Lesson 026: Formalizing De Facto Dependencies

Lesson 026: Formalizing De Facto Dependencies

The Lesson

A dependency that's imported in production code but missing from the package manifest is a time bomb. It works on the developer's machine (where the package was installed for something else) and fails on fresh installs, CI, or new team members. Audit imports against declared dependencies whenever adding a new module that uses an existing library.

Context

A Python data science project declared its ML dependencies in pyproject.toml under [project.optional-dependencies] ml. The list included scikit-learn, torch, transformers, Pillow, NLTK, and HDBSCAN. Two production modules (models/batch_scores.py and models/composite.py) imported scipy.stats.beta — but scipy was not in the dependency list. It worked because scipy is a transitive dependency of scikit-learn, but this relationship is not guaranteed across versions.

What Happened

  1. Phase 3 (statistical modeling) added two modules that imported from scipy.stats import beta as beta_dist for Beta-Binomial posterior computation.

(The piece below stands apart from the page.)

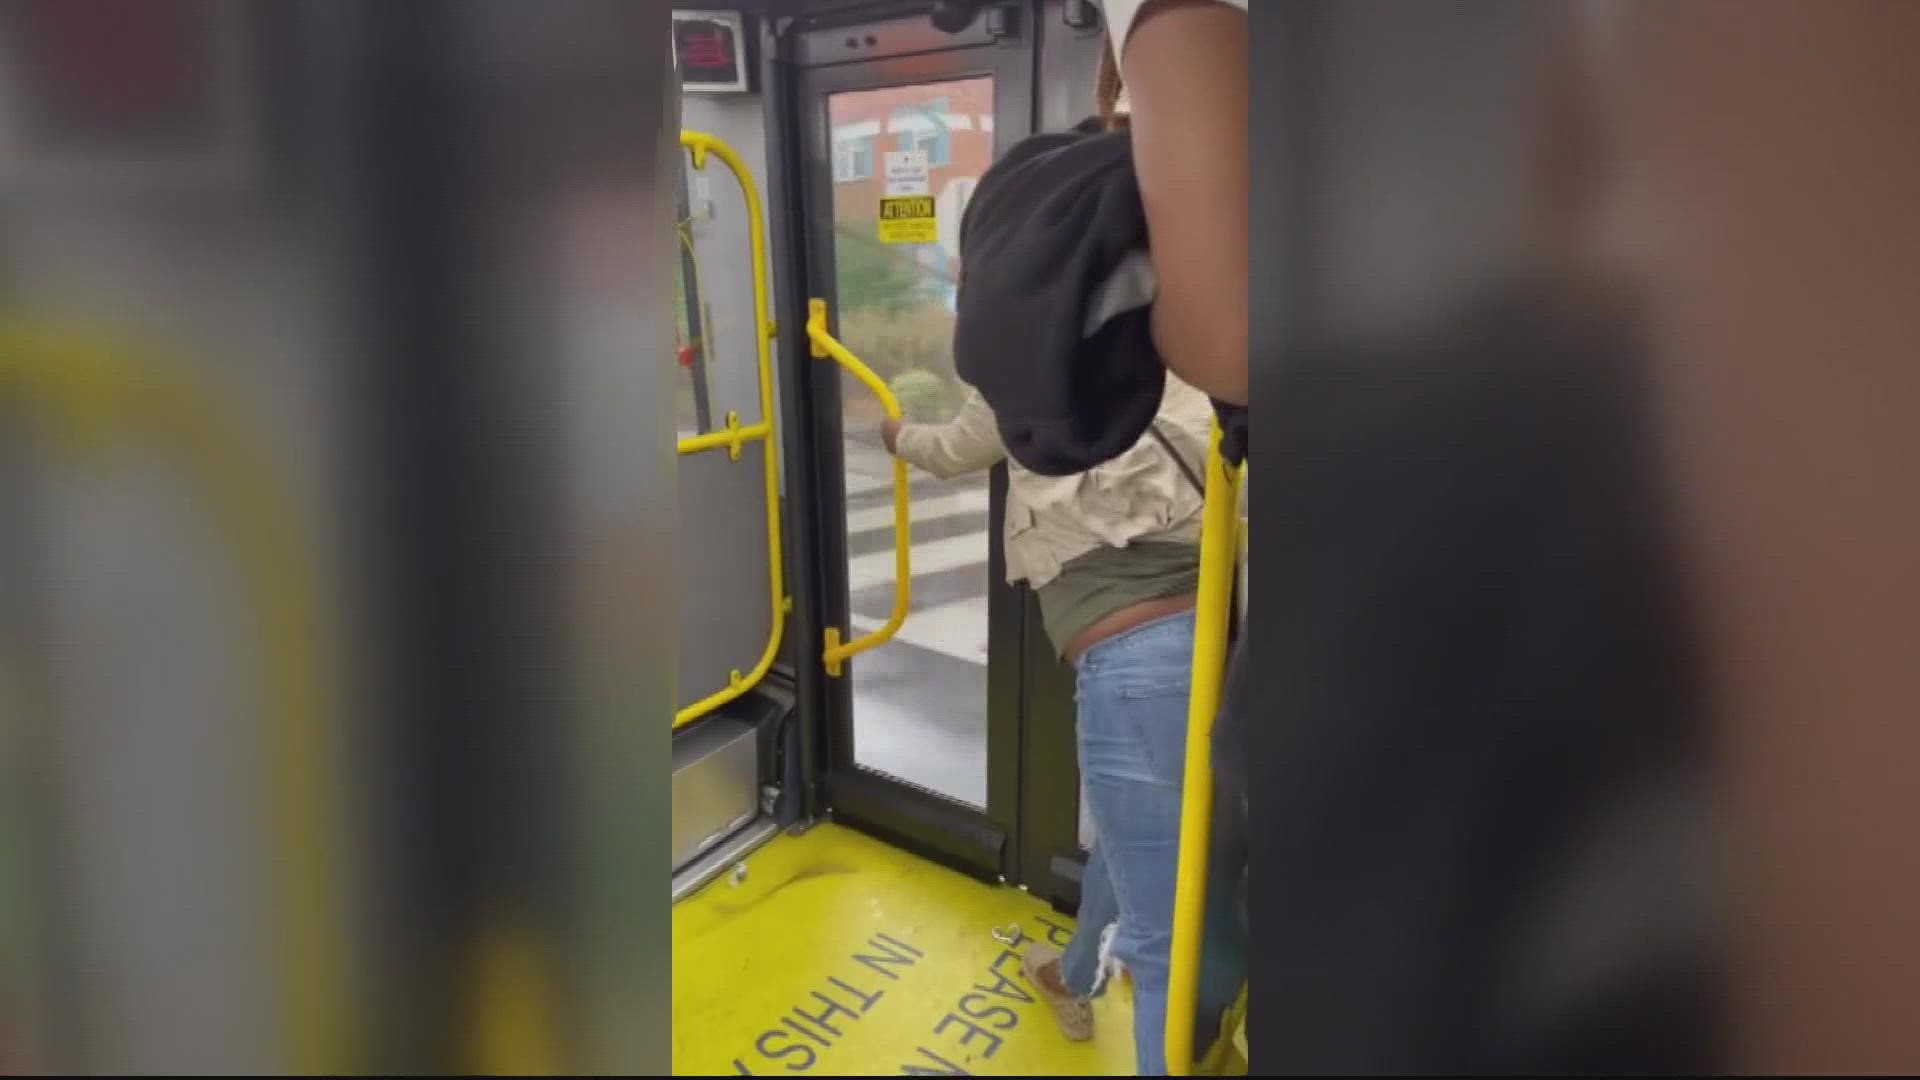 Metro Transit Police arrested two adults for assaulting and pushing a woman off a W4 Metrobus on Monday. More suspects are at large.
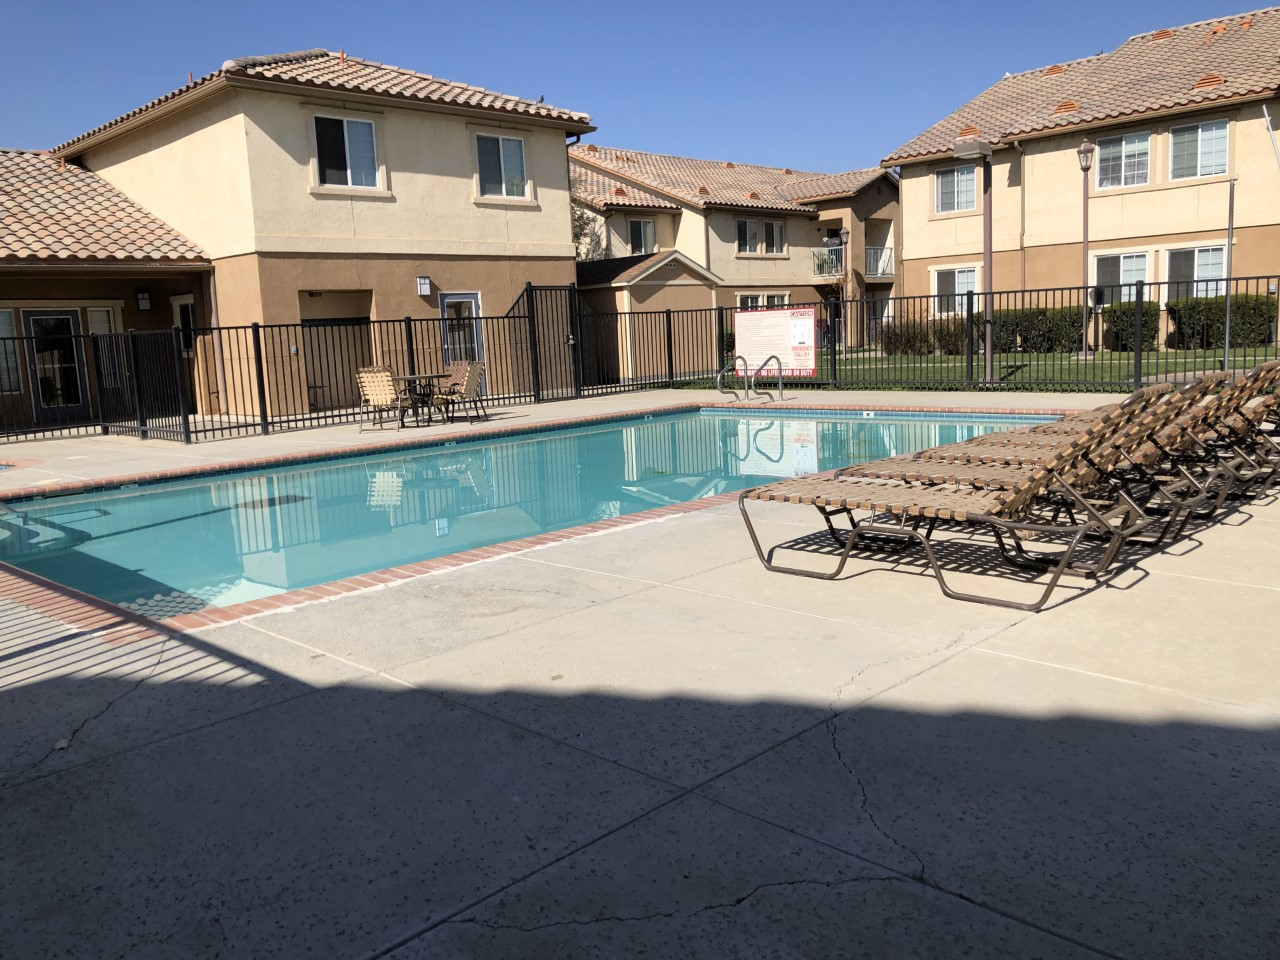 Photo of HEARTHSTONE VILLAGE. Affordable housing located at 1217 S SEVENTH AVE AVENAL, CA 93204

Both imports were lazy (inside functions) so they didn't fail at import time.
  2. Phase 4 (calendar optimization) needed scipy.optimize.linear_sum_assignment for the Hungarian algorithm. When checking whether to add scipy as a dependency, discovered it was already imported in two existing files.
  3. scipy was present on the development machine because scikit-learn pulls it in as a transitive dependency. But relying on transitive dependencies is fragile — sklearn could drop scipy in a future version, or a user could install the project without the ml extras.
  4. Added scipy>=1.12 to pyproject.toml under the ml optional dependencies, formalizing the de facto dependency.
  5. The fix was one line in the manifest. The risk of not fixing it: a cryptic ModuleNotFoundError: No module named 'scipy' on a fresh install, with no obvious connection to the scoring or optimization code.

Key Insights

Applicability

This applies to any project with a package manifest (pyproject.toml, setup.py, package.json, Cargo.toml, go.mod). The pattern is the same: code imports a library, the library happens to be installed, but the manifest doesn't declare it.

Especially common in data science projects where the ML ecosystem has deep transitive dependency trees (numpy → scipy → sklearn → many others).